Platform Autodetection Ability to detect available hardware and adjust build configuration automatically.

For Multi-Package or Ecosystem Builds

Attribute Description
Dependency Graph Handling Ability to manage complex dependency trees automatically.
Version Control Integration Support for Git, GitHub, or GitLab workflows in building and testing multiple packages.
Continuous Integration Compatibility Integration with CI systems such as GitHub Actions, GitLab CI, or Frank CI.
Binary Cache Management Ability to store and reuse build artifacts to reduce rebuild times.

For Performance Optimization and Hardware-Specific Builds

Attribute Description
Hardware Tuning Support for architecture-specific optimizations (e.g., vectorization, GPU acceleration).
Compiler-Specific Optimization Ability to leverage vendor compilers for improved performance.
Benchmark Integration Capability to build with or for performance benchmarking frameworks (e.g., HPCG, ReFrame).
SDK Awareness Integration with vendor SDKs (e.g., CUDA, ROCm, oneAPI).

For Development and Research Prototyping

Attribute Description
Incremental Build Support Ability to rebuild only changed components during development.
Debugging Support Integration with debuggers and profilers.
Build Logging and Diagnostics Quality of output logs and error reporting to aid troubleshooting.
Scriptability Ability to automate builds via Python or shell scripting interfaces.

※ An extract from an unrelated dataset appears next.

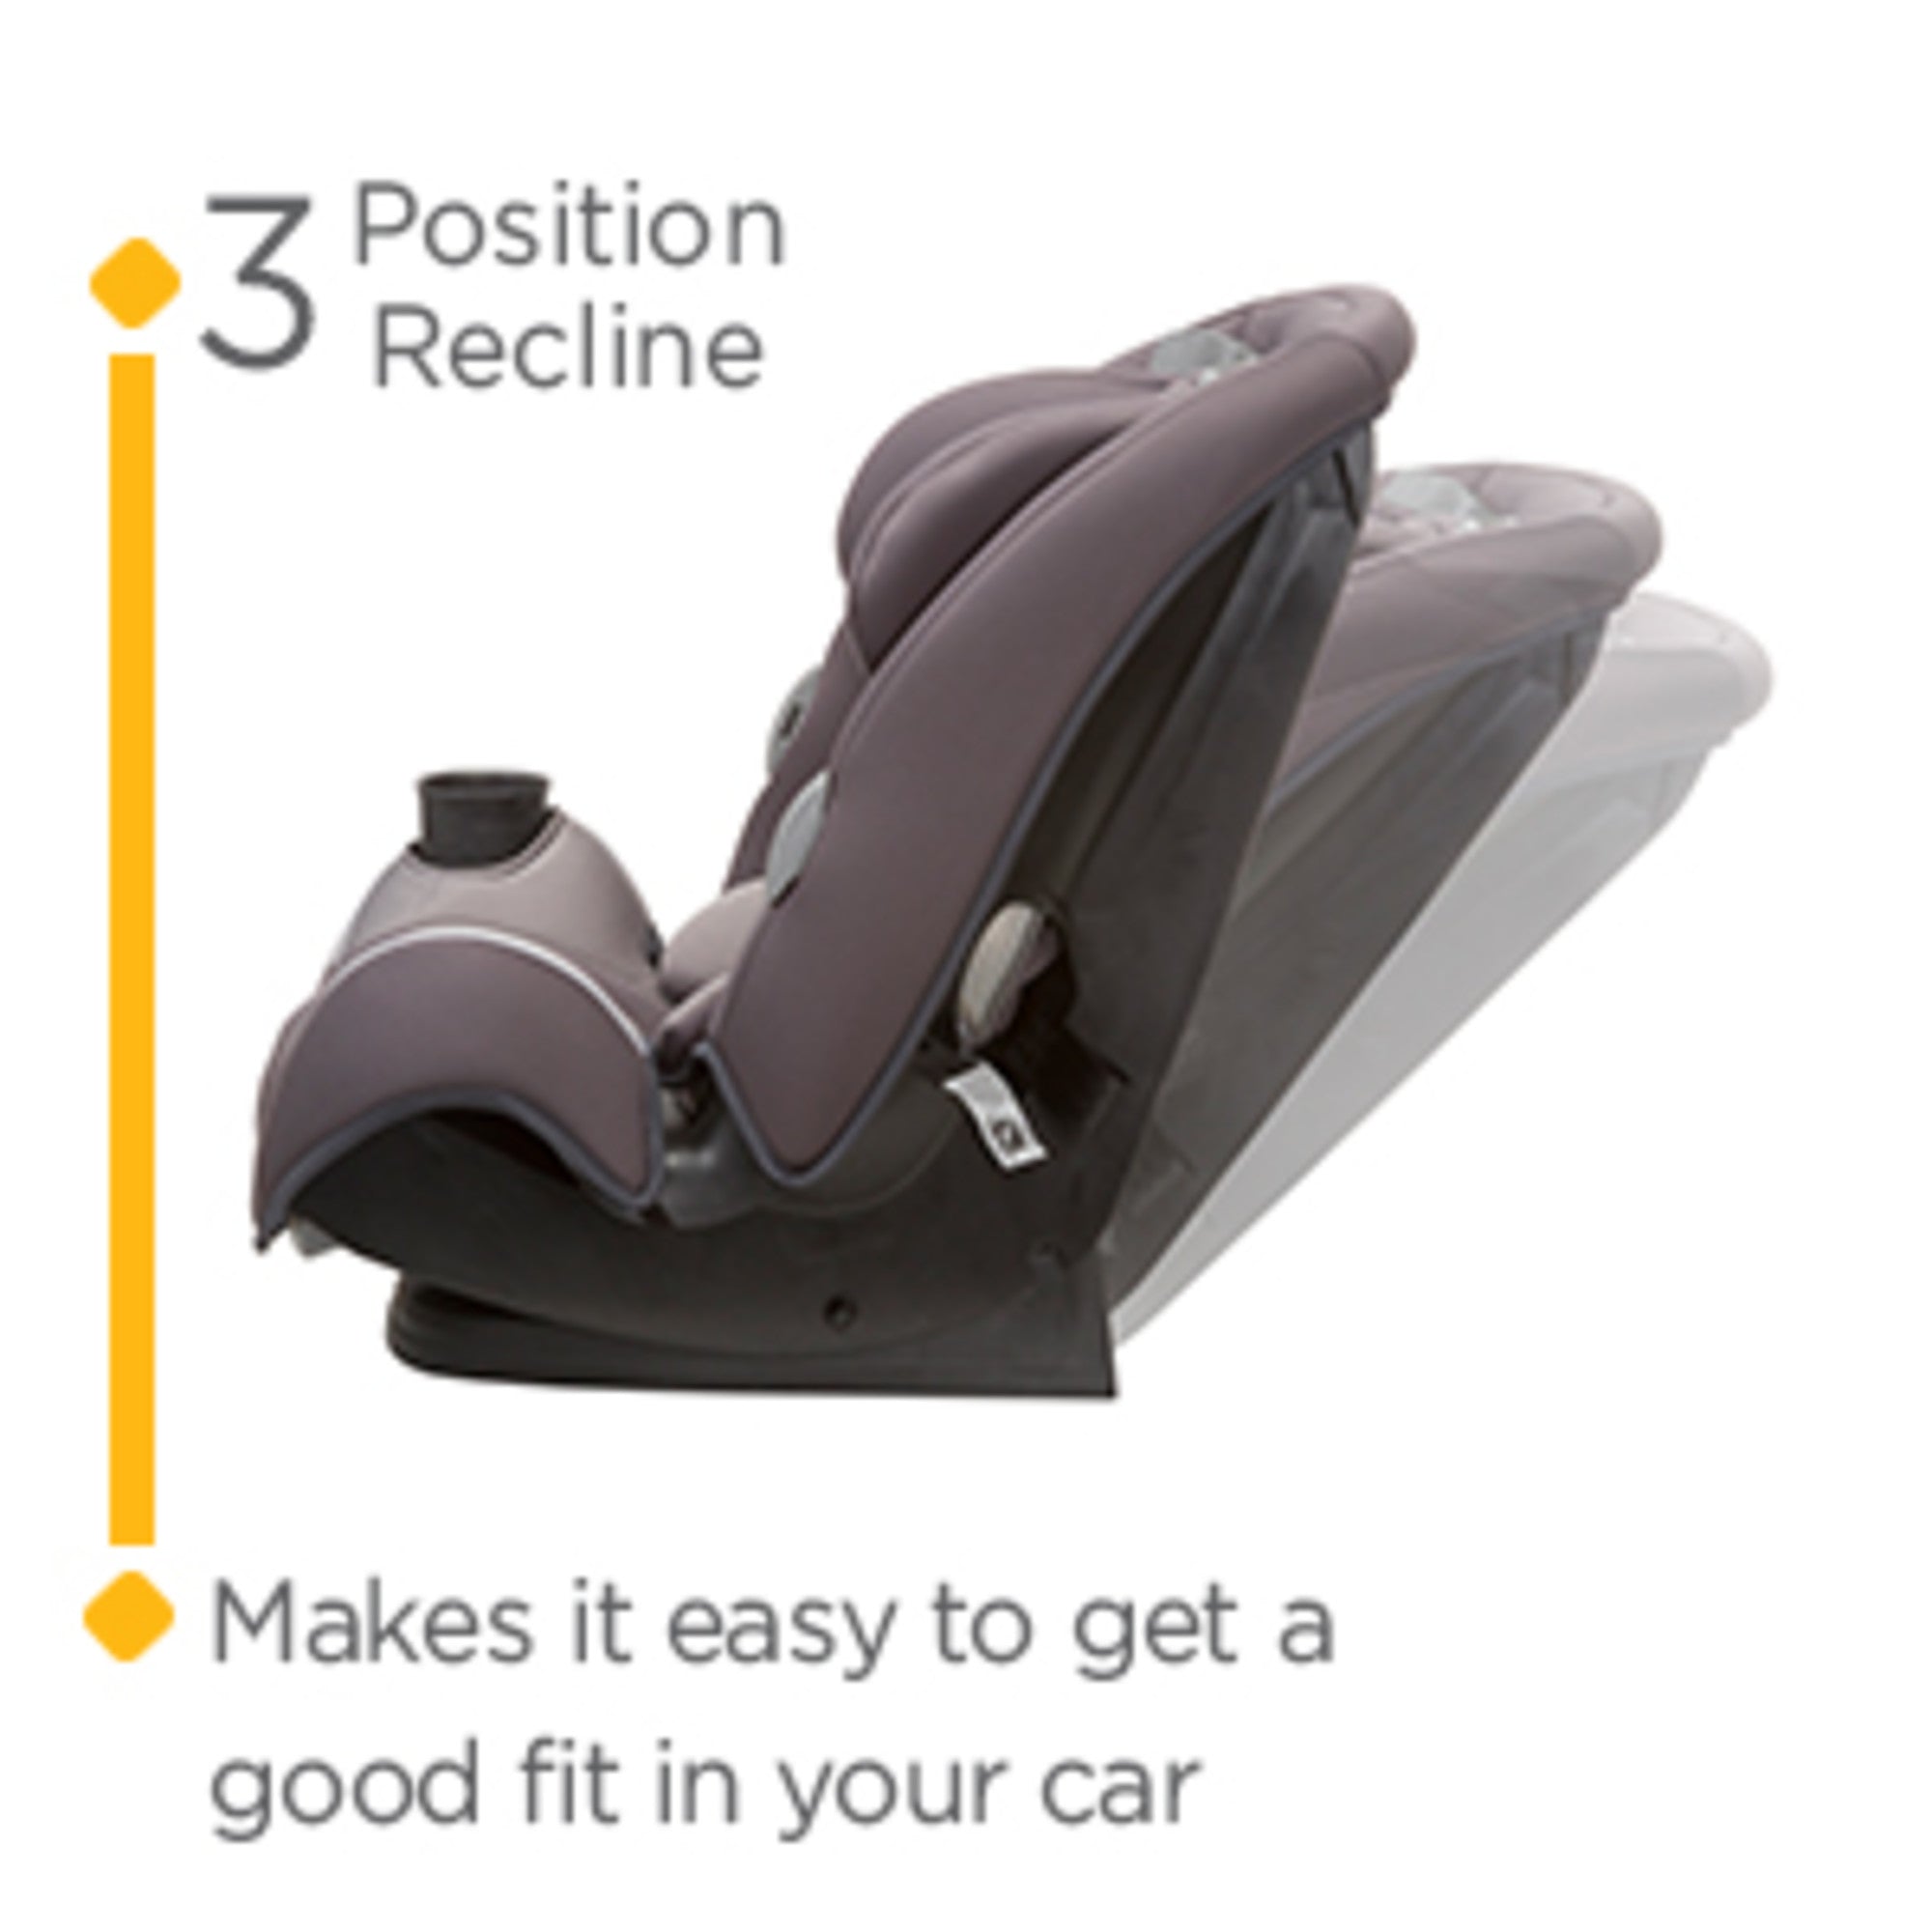 Car seat with 3 position recline. Makes it easy to get a good fit in your car.

For Large-Scale or Production Deployment

Attribute Description
Scalability Ability to handle large-scale builds on distributed systems.
Security and Verification Availability of checksums, cryptographic signing, or provenance metadata.
Policy Compliance Support for site-specific build policies and reproducibility requirements.
Lifecycle Management Tools or hooks for maintaining, upgrading, and deprecating software builds.